If high-purine vegetables don't raise gout risk, why do scallops?
It is one of the clearer surprises in the gout research. In Choi's cohort, purine-rich vegetables like peas, lentils, spinach, and mushrooms showed no link to gout, while seafood and meat did. The likely reasons include lower purine bioavailability from plants and the fiber and other compounds that come with them. So the lever is animal-source purines, not purines in general.
Sources
- Choi HK, Atkinson K, Karlson EW, Willett W, Curhan G. Purine-rich foods, dairy and protein intake, and the risk of gout in men. N Engl J Med (2004) 350:1093-1103 — 47,150 men over 12 years; seafood RR 1.51 (95% CI 1.17-1.95); purine-rich vegetables not associated.

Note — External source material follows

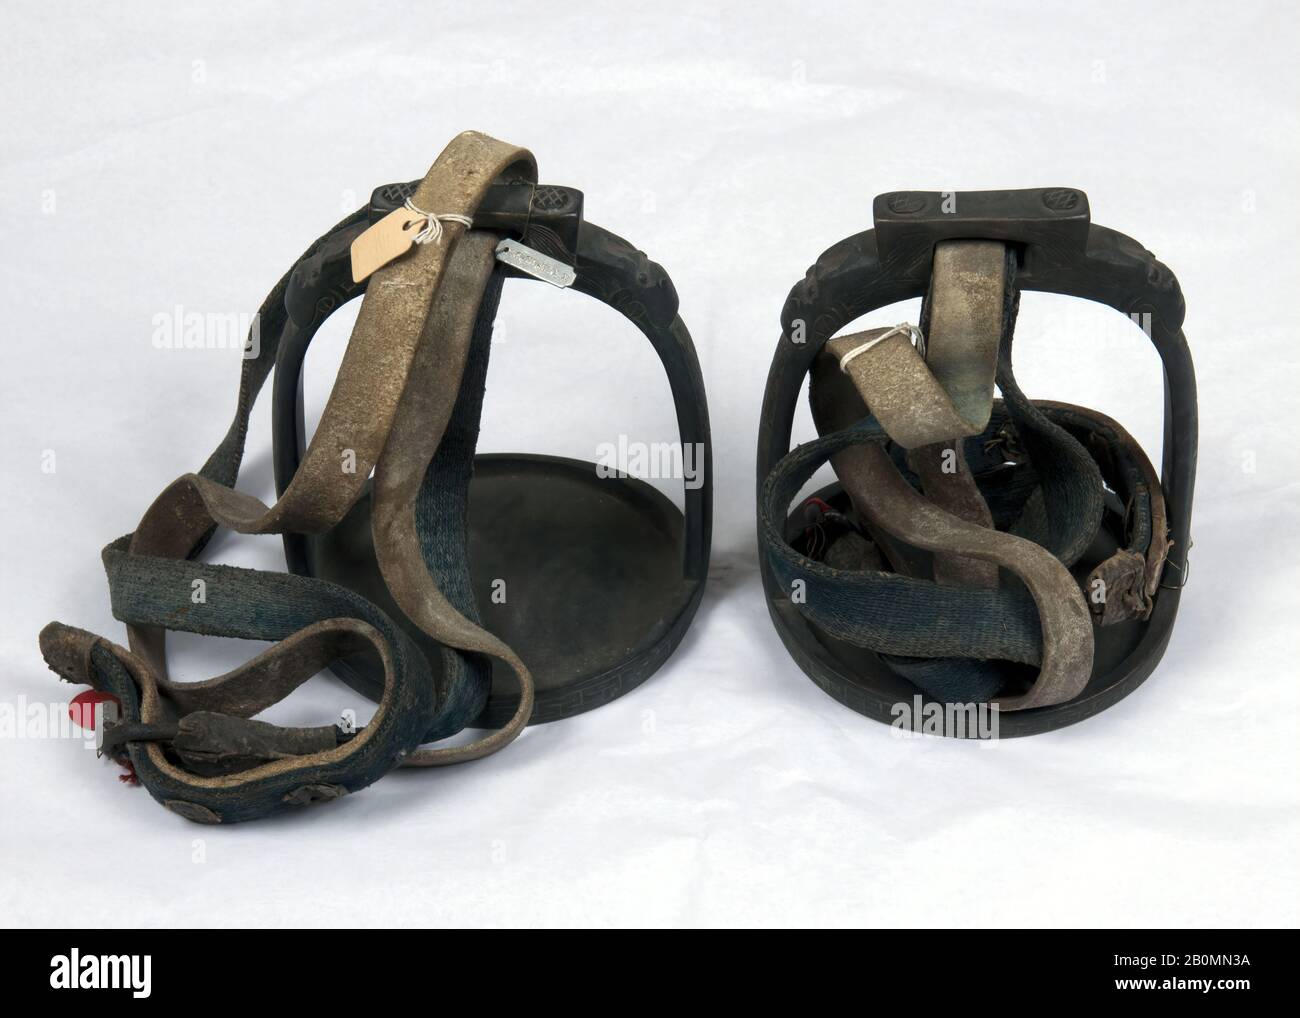 Horse Masters Classic Bent Leg Safety Stirrup Iron and Treads 2 Sizes Available 
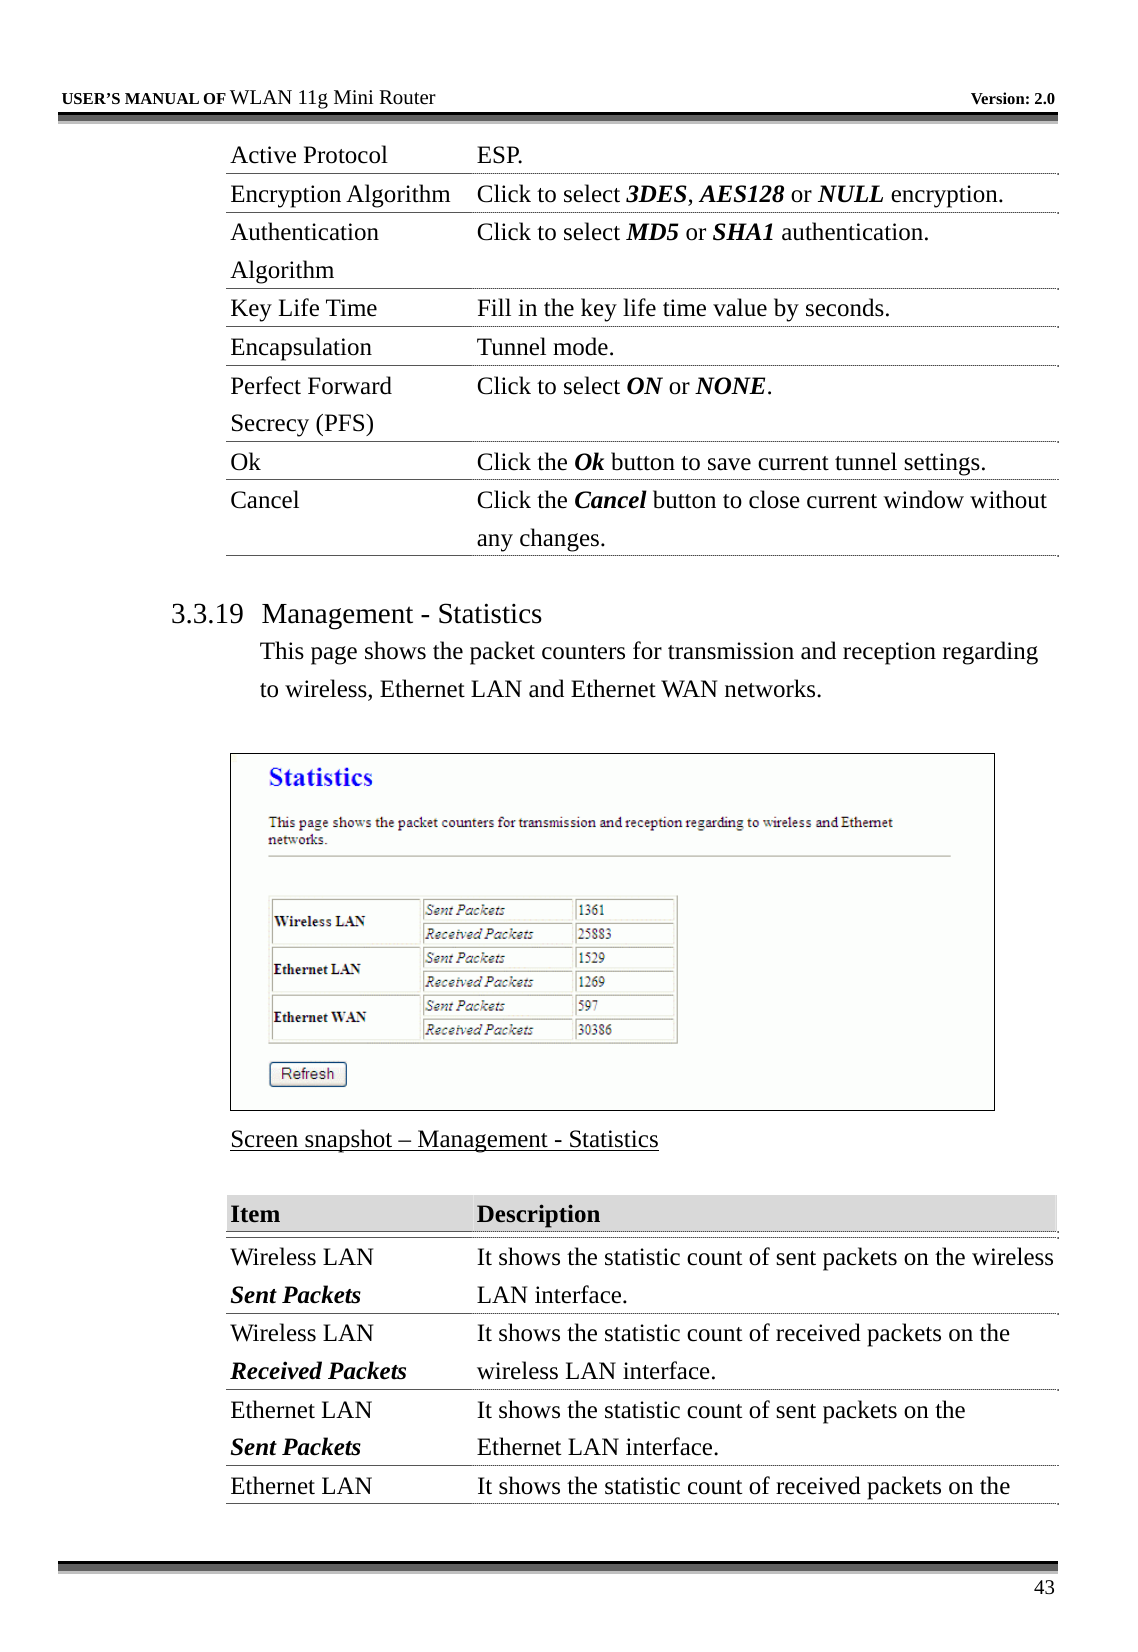   USER’S MANUAL OF WLAN 11g Mini Router   Version: 2.0     43 Active Protocol  ESP. Encryption Algorithm  Click to select 3DES, AES128 or NULL encryption. Authentication Algorithm Click to select MD5 or SHA1 authentication. Key Life Time  Fill in the key life time value by seconds. Encapsulation Tunnel mode. Perfect Forward Secrecy (PFS) Click to select ON or NONE. Ok Click the Ok button to save current tunnel settings. Cancel Click the Cancel button to close current window without any changes.  3.3.19  Management - Statistics This page shows the packet counters for transmission and reception regarding to wireless, Ethernet LAN and Ethernet WAN networks.   Screen snapshot – Management - Statistics  Item  Description   Wireless LAN Sent Packets It shows the statistic count of sent packets on the wireless LAN interface. Wireless LAN Received Packets It shows the statistic count of received packets on the wireless LAN interface. Ethernet LAN Sent Packets It shows the statistic count of sent packets on the Ethernet LAN interface. Ethernet LAN  It shows the statistic count of received packets on the

- FitzGerald JD, Dalbeth N, et al. 2020 American College of Rheumatology Guideline for the Management of Gout — allopurinol as preferred first-line urate-lowering therapy; dietary change conditionally recommended and noted to yield only small changes in serum urate.
- Kaneko K, Aoyagi Y, Fukuuchi T, Inazawa K, Yamaoka N. Total purine and purine base content of common foodstuffs for facilitating nutritional therapy for gout and hyperuricemia. Biol Pharm Bull (2014) 37(5):709-721.
- Yokose C, McCormick N, Choi HK. The role of diet in hyperuricemia and gout. Curr Opin Rheumatol (2021) — healthy diet lowers serum urate by a smaller amount (~0.8 mg/dL) than urate-lowering medication; diet is an adjunct, not a replacement.
Bellyweather is a wellness and food-tracking app, not a medical device. This article is for general information only and is not medical advice. Individual tolerances vary — talk to a qualified healthcare professional before making dietary changes related to a health condition.